### [Your objective]
Everything in the listing below has to be repeated exactly, except the pictures.

### [Data block]

◆ ◆ ◆ ◆

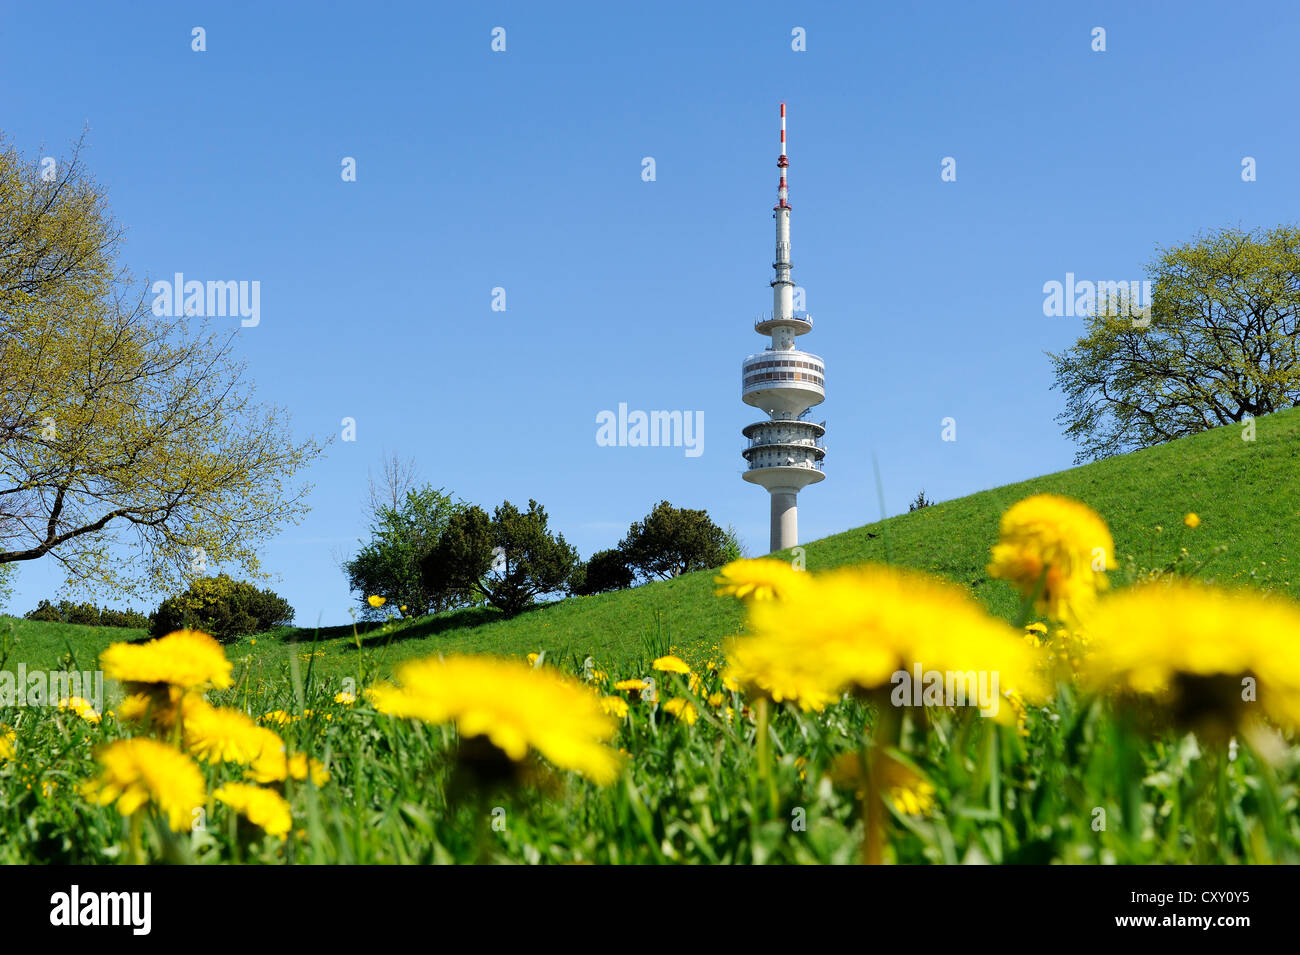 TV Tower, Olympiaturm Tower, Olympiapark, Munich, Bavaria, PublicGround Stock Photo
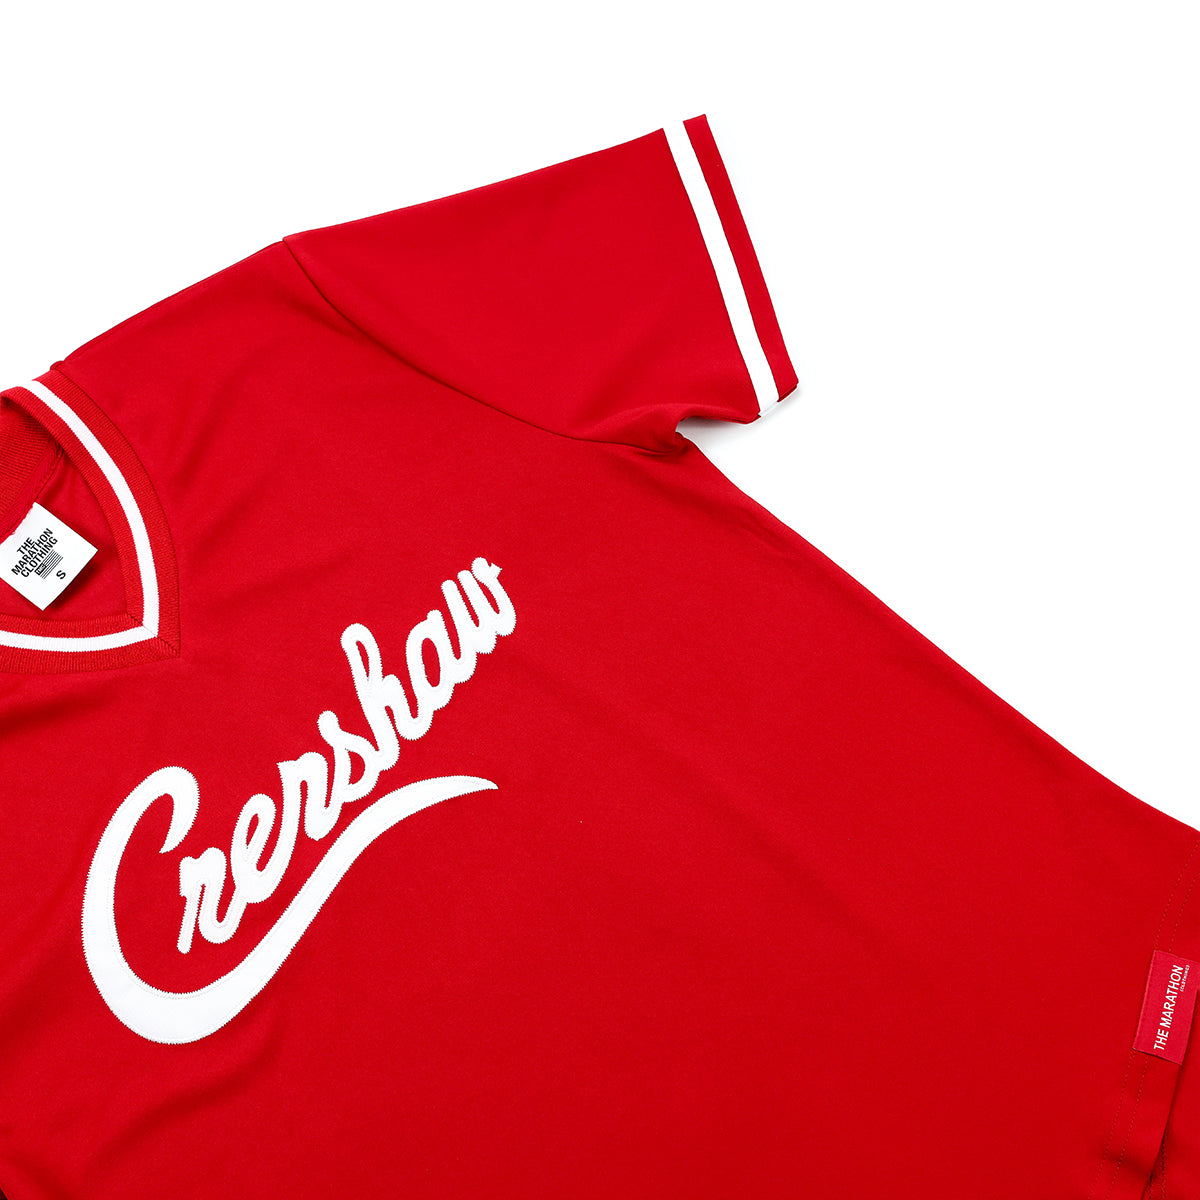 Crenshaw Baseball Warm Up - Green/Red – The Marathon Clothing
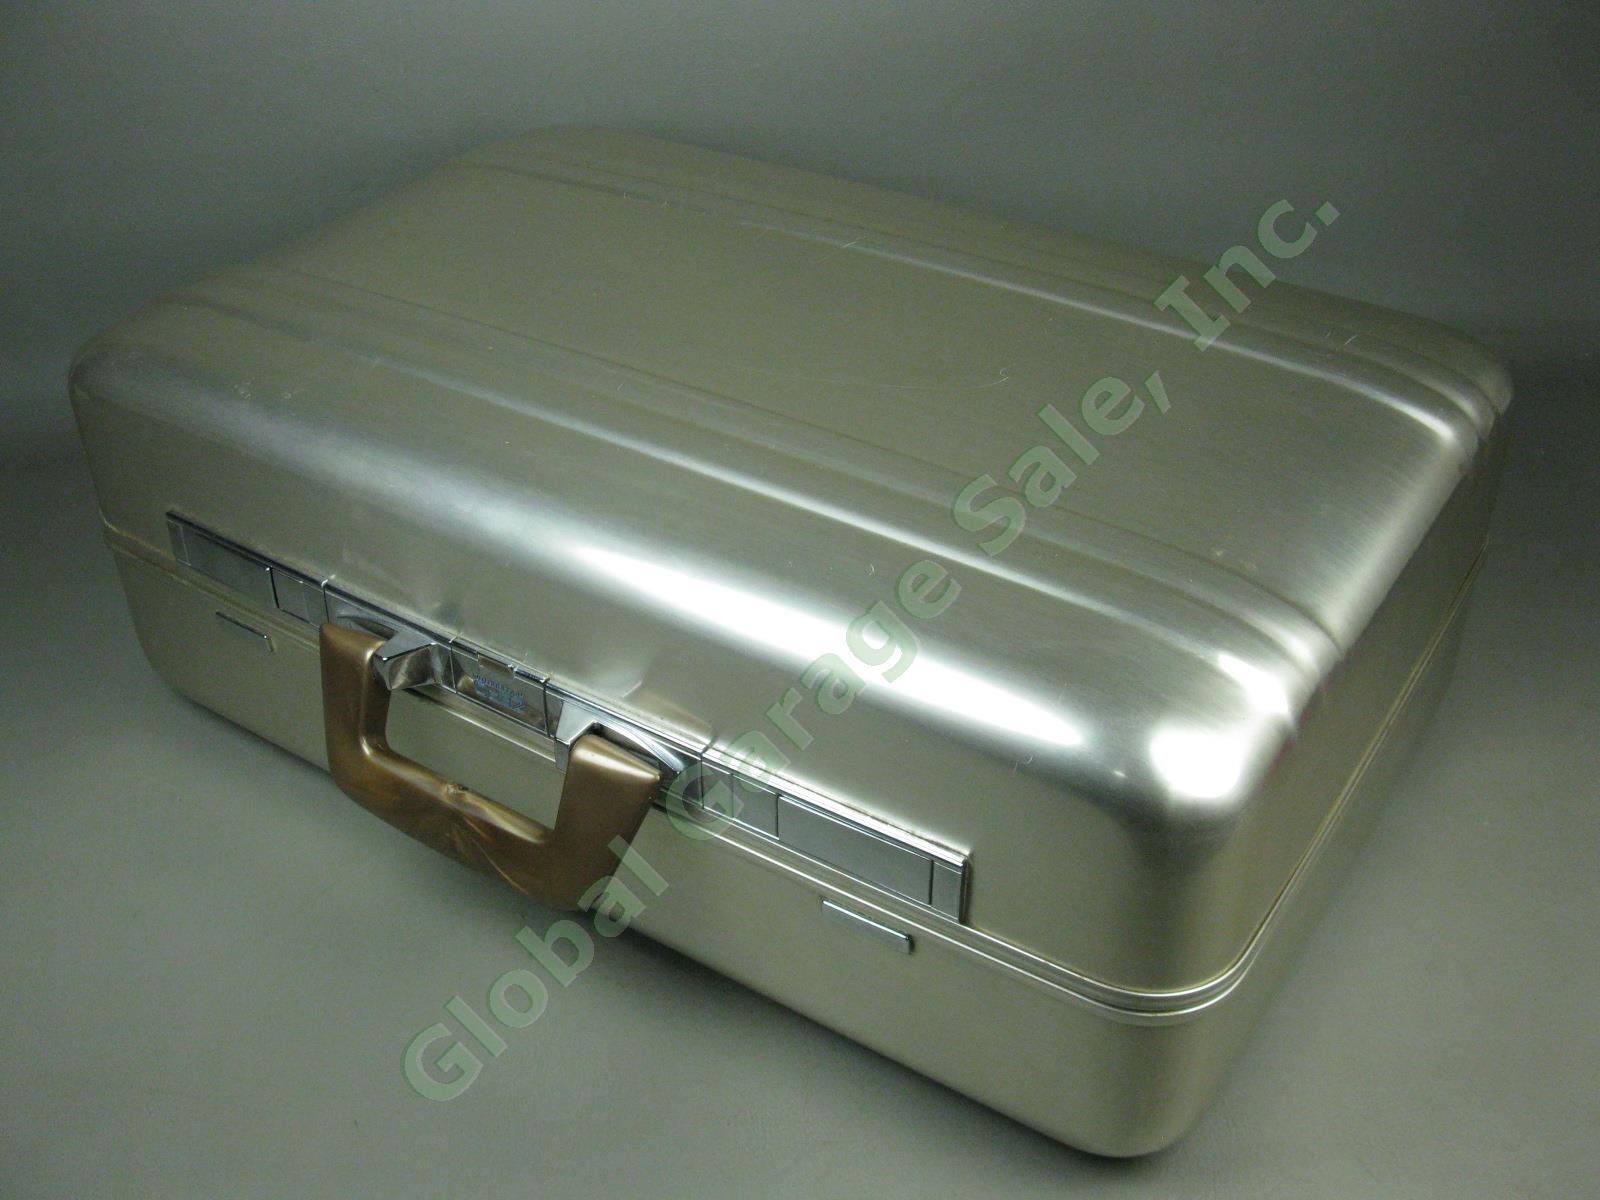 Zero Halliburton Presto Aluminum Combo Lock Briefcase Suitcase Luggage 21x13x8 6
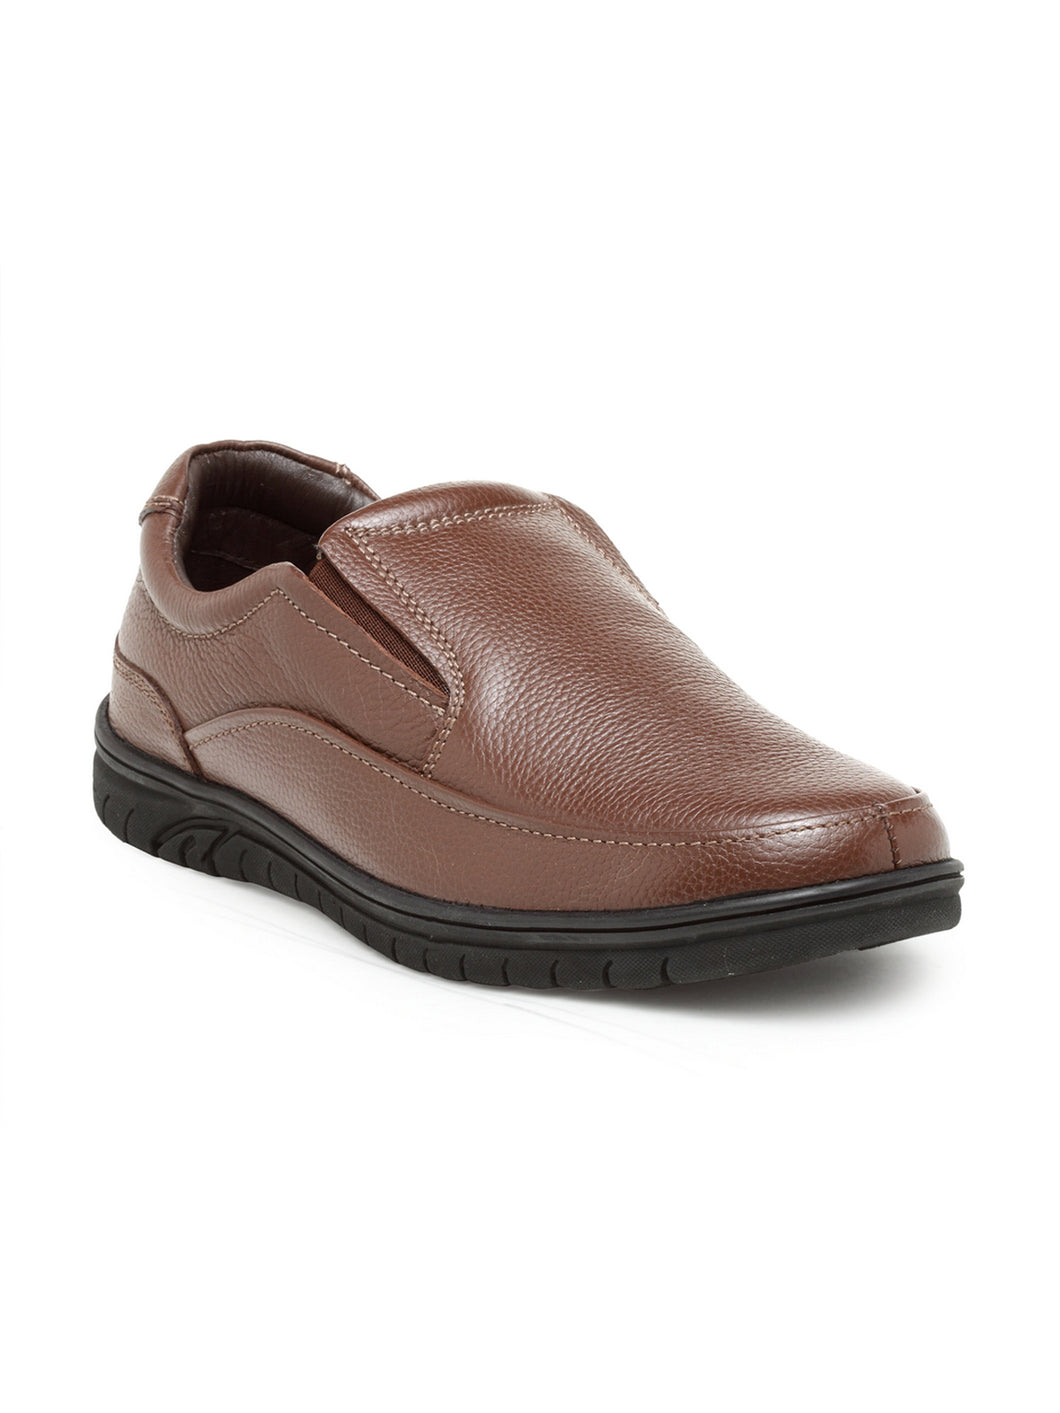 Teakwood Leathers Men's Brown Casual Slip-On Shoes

◆ ◆ ◆ ◆

### [The completed task]
 TV Tower, Olympiaturm Tower, Olympiapark, Munich, Bavaria, PublicGround Stock Photo
 Crenshaw Baseball Warm Up - Green/Red – The Marathon Clothing
 Zero Halliburton Presto Aluminum Combo Lock Briefcase Suitcase Luggage 21x13x8 6
 Teakwood Leathers Men's Brown Casual Slip-On Shoes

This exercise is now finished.